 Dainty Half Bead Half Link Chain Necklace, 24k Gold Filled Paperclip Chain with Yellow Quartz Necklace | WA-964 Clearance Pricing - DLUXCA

* * *

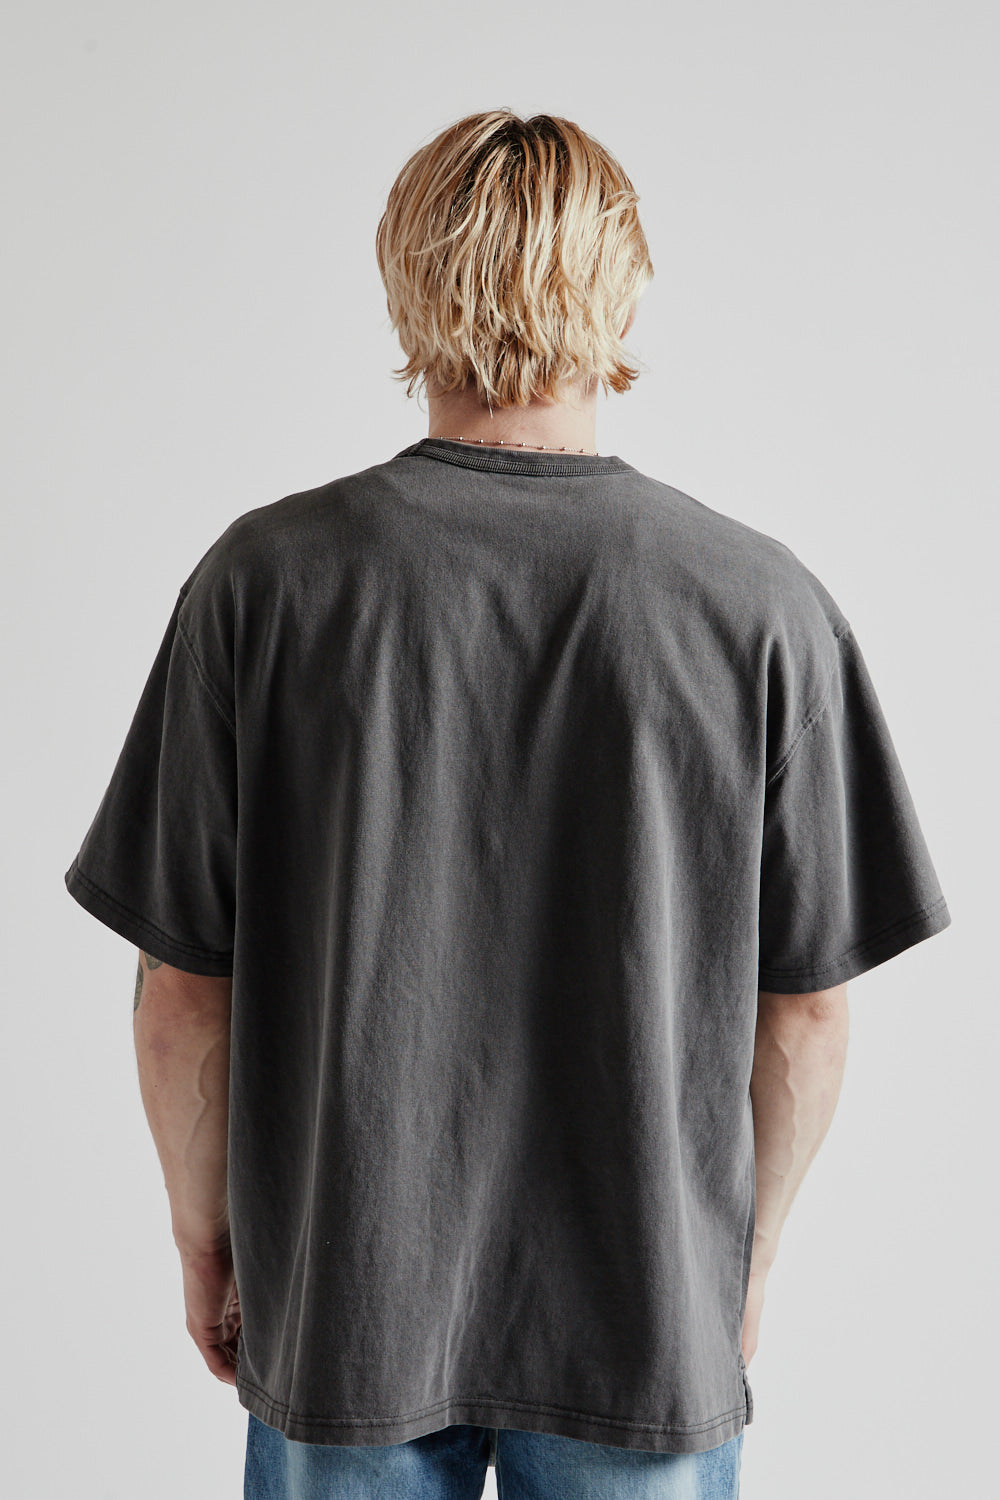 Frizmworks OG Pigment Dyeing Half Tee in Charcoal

* * *

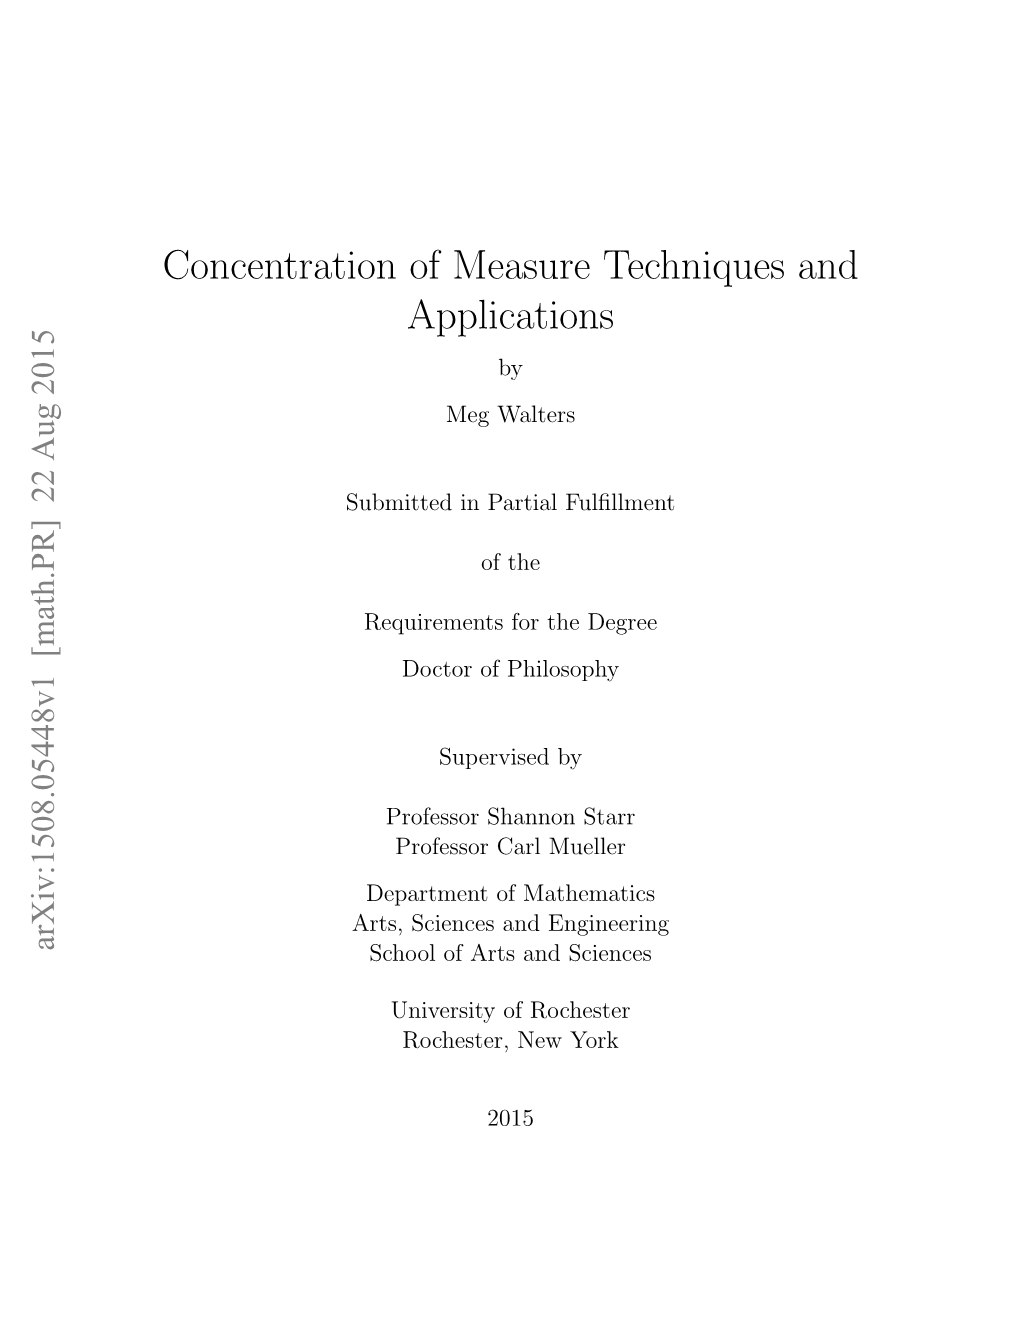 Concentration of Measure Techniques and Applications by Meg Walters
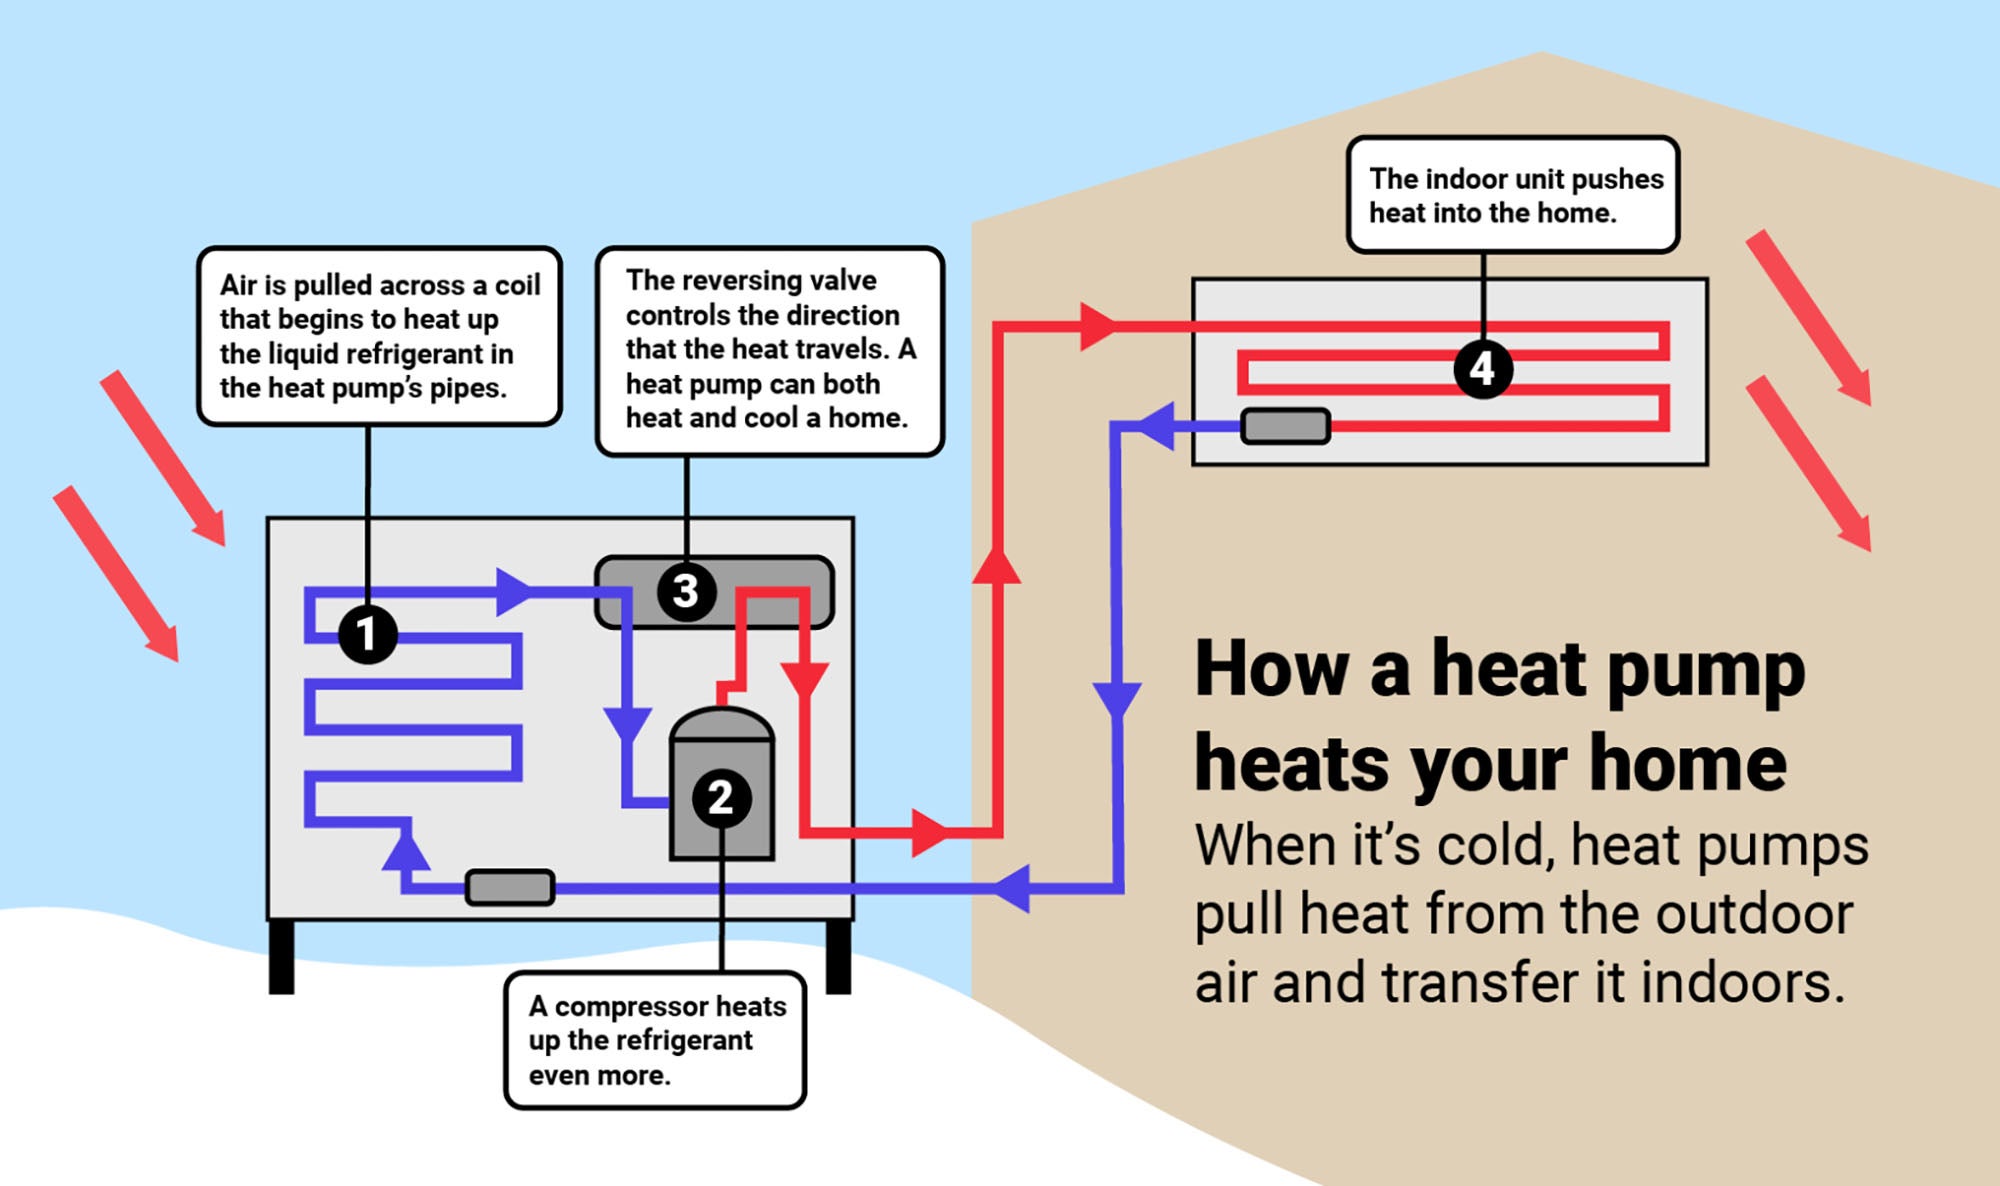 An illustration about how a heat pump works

To do: Using the records above, return word for word the lines that begin at the one containing "Concentration of Measure" and end at the one containing "An illustration about how a heat pump works", both of them included and no pictures.

Answer below:
 Concentration of Measure Techniques and Applications by Meg Walters
 An illustration about how a heat pump works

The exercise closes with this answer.